* DATA TO EXAMINE:
----------
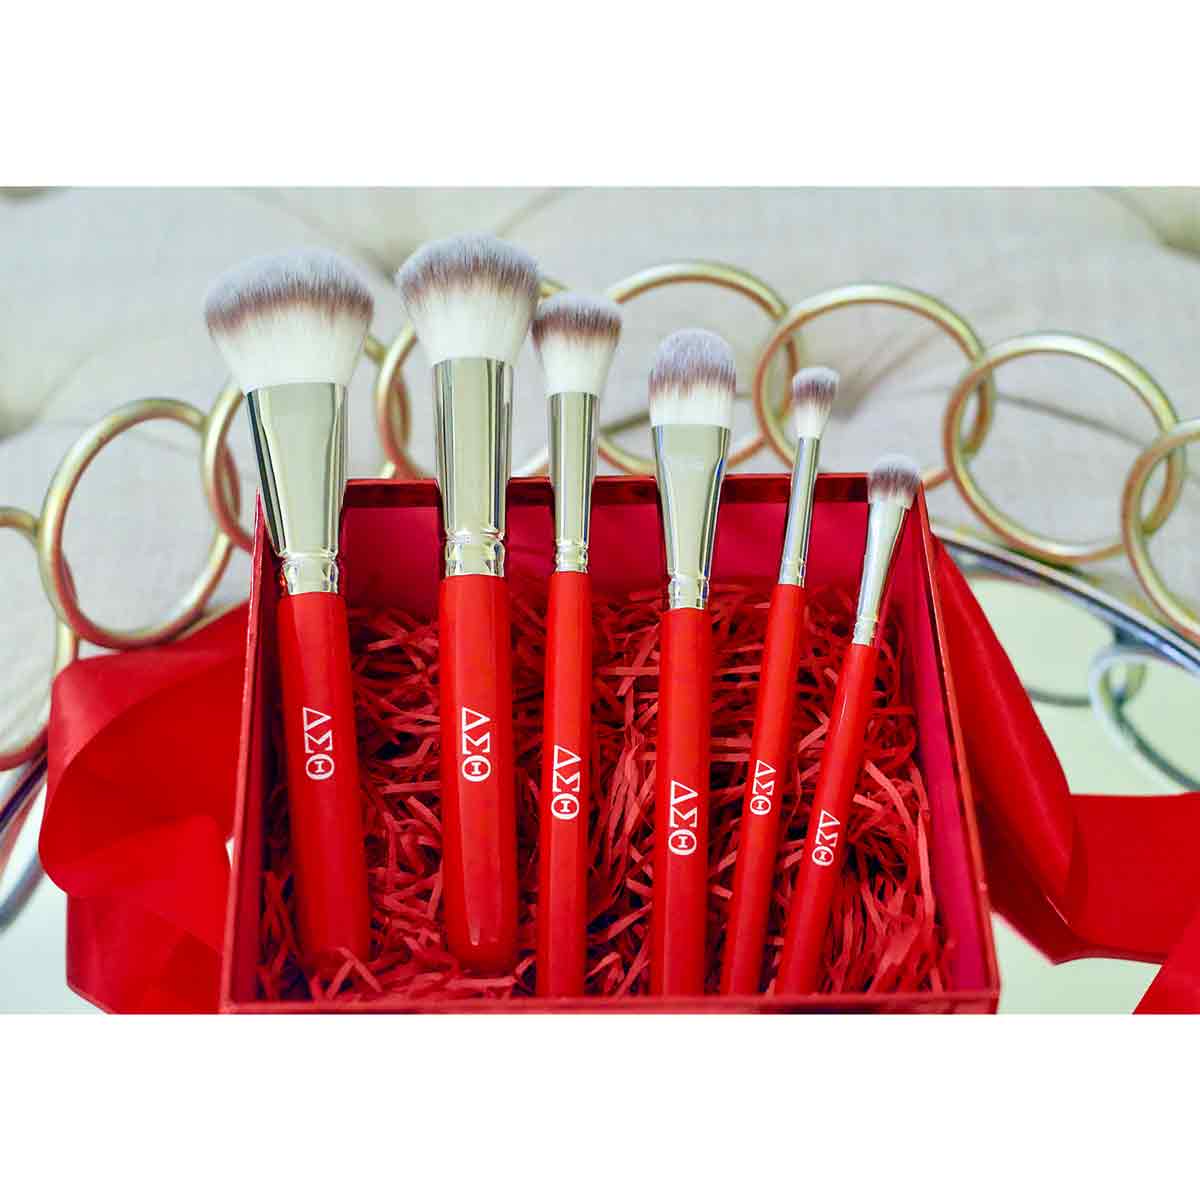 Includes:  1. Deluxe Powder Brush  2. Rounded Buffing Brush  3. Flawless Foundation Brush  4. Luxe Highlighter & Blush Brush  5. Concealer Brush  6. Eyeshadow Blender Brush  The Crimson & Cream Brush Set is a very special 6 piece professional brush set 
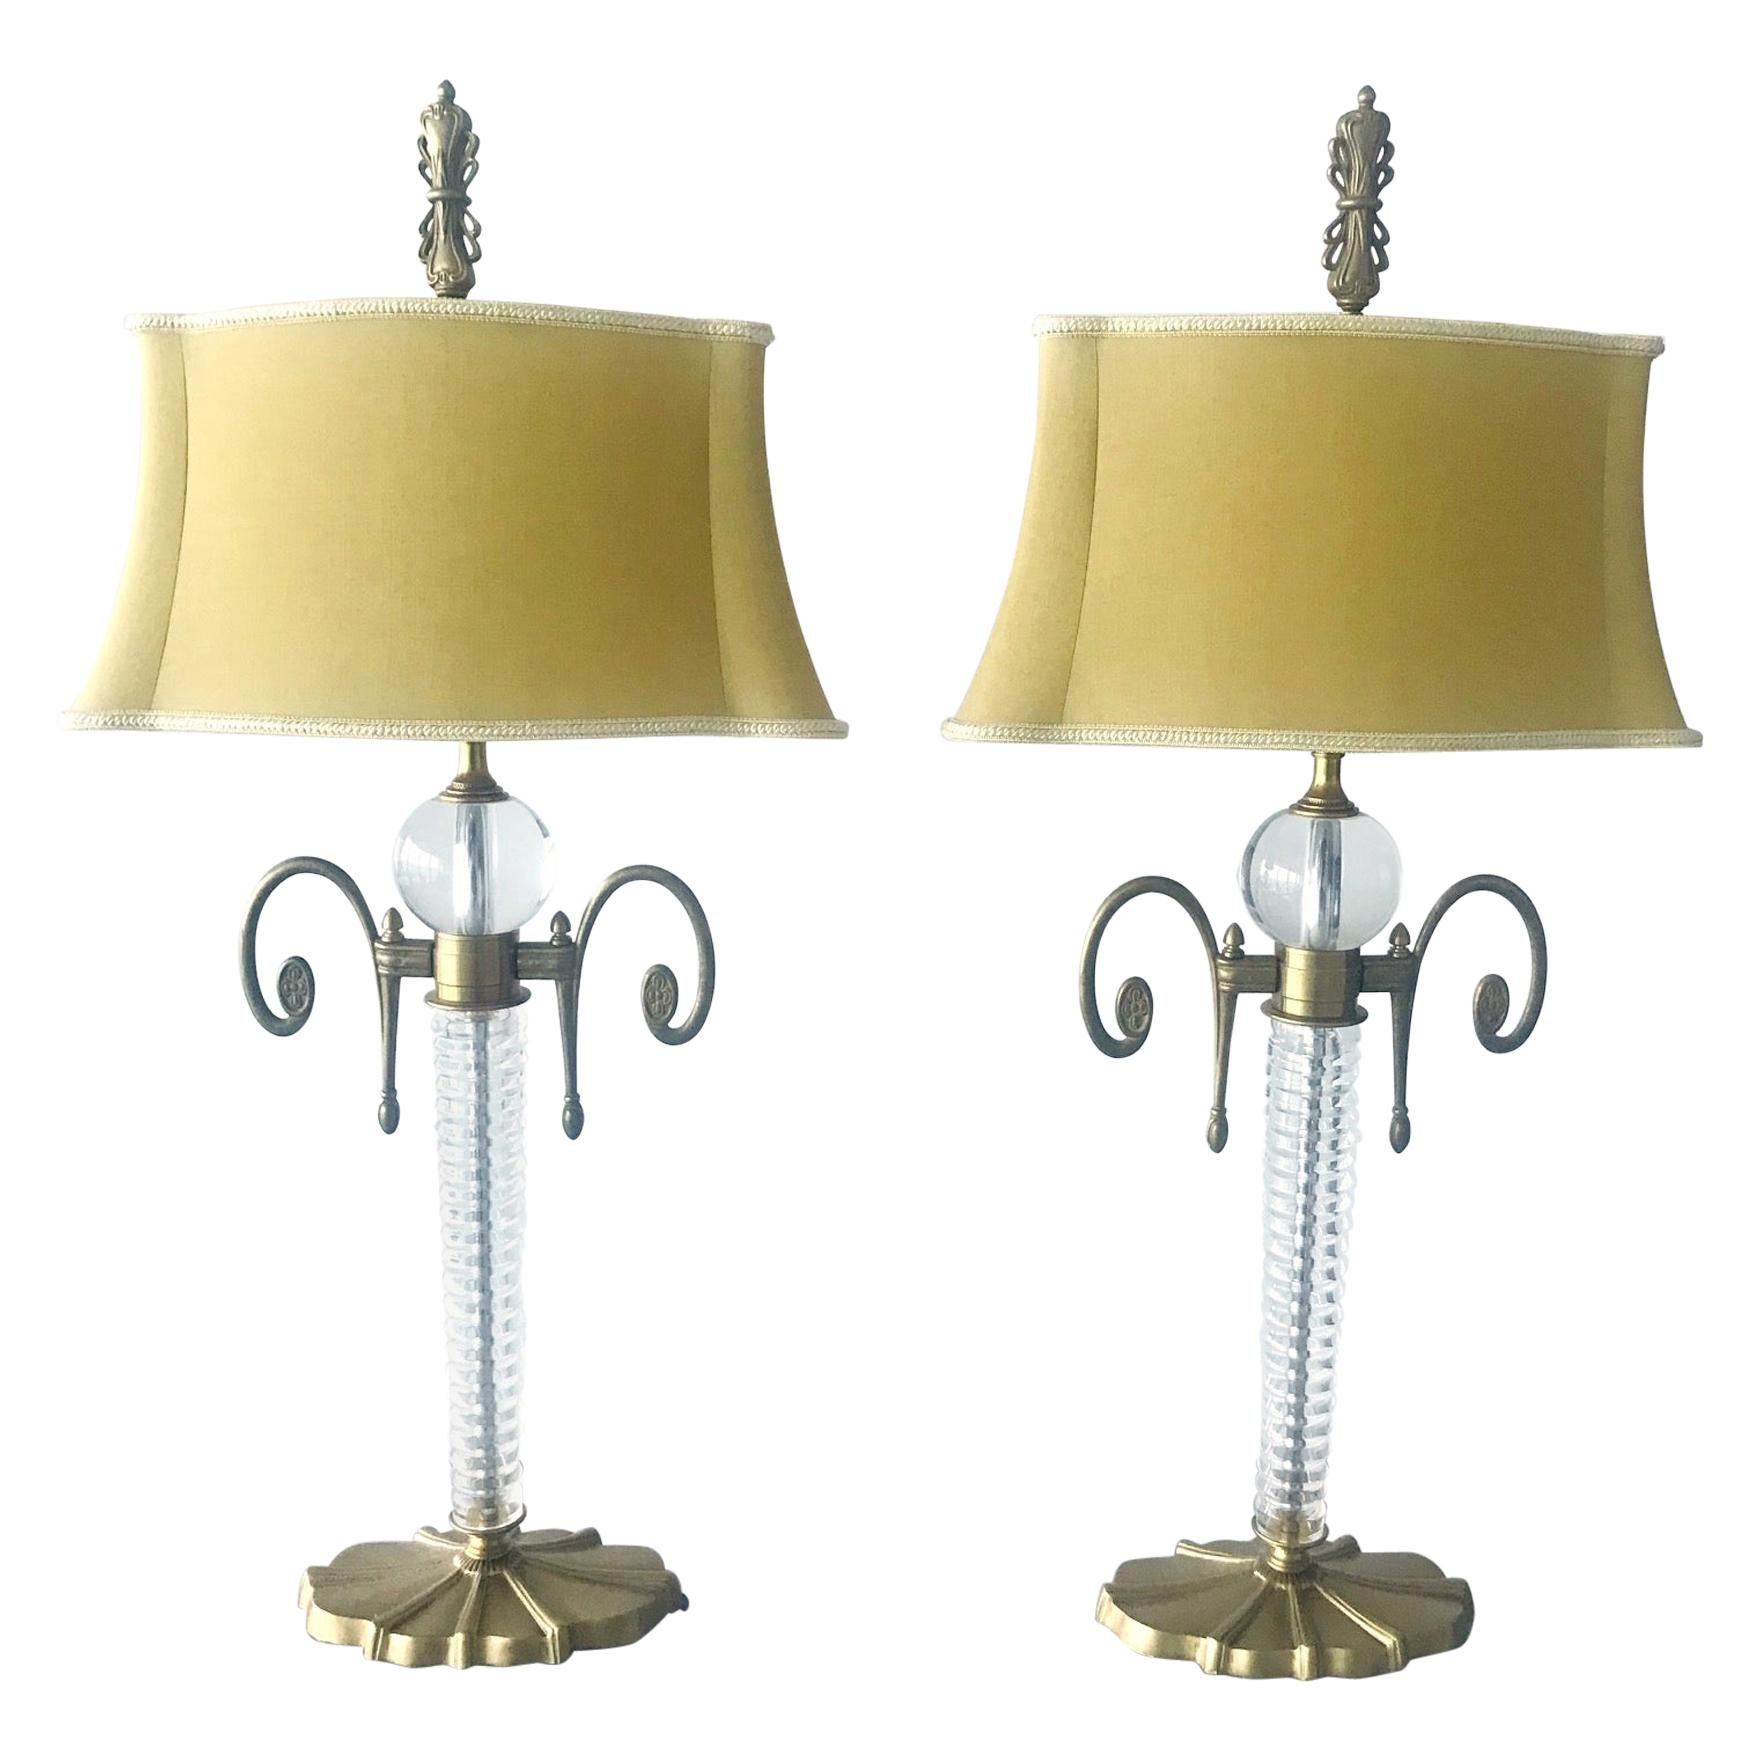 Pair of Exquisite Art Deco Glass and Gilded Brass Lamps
----------
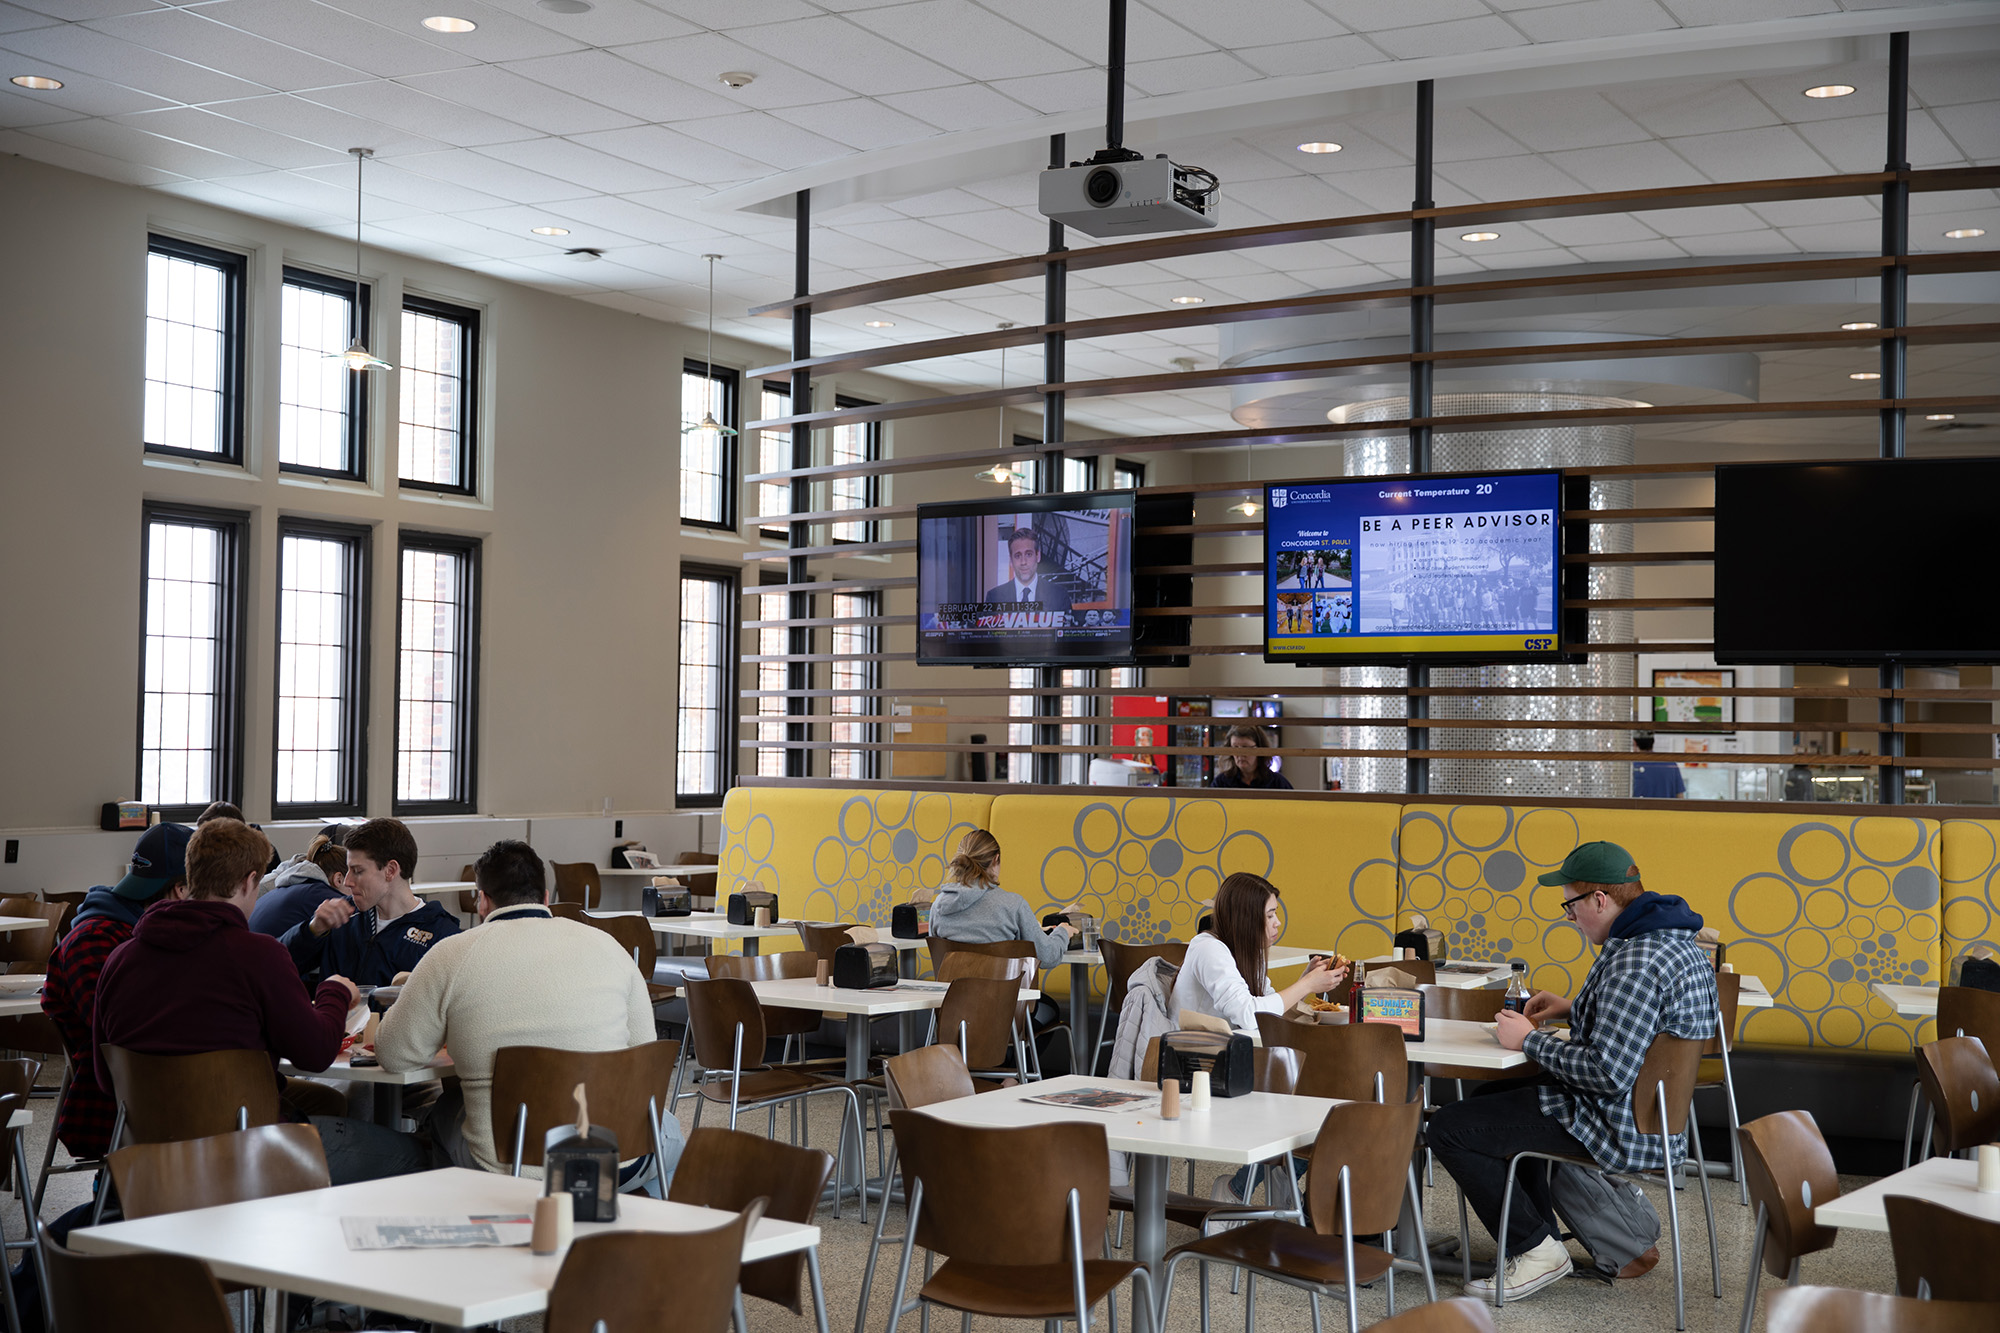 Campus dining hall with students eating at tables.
----------
* WHAT IS BEING ASKED: Copy exactly the material above from the line with "professional brush set" to the line with "Pair of Exquisite", ends included, and nothing else. Leave out any picture.

* EXERCISE SOLUTION:
 Includes:  1. Deluxe Powder Brush  2. Rounded Buffing Brush  3. Flawless Foundation Brush  4. Luxe Highlighter & Blush Brush  5. Concealer Brush  6. Eyeshadow Blender Brush  The Crimson & Cream Brush Set is a very special 6 piece professional brush set 
 Pair of Exquisite Art Deco Glass and Gilded Brass Lamps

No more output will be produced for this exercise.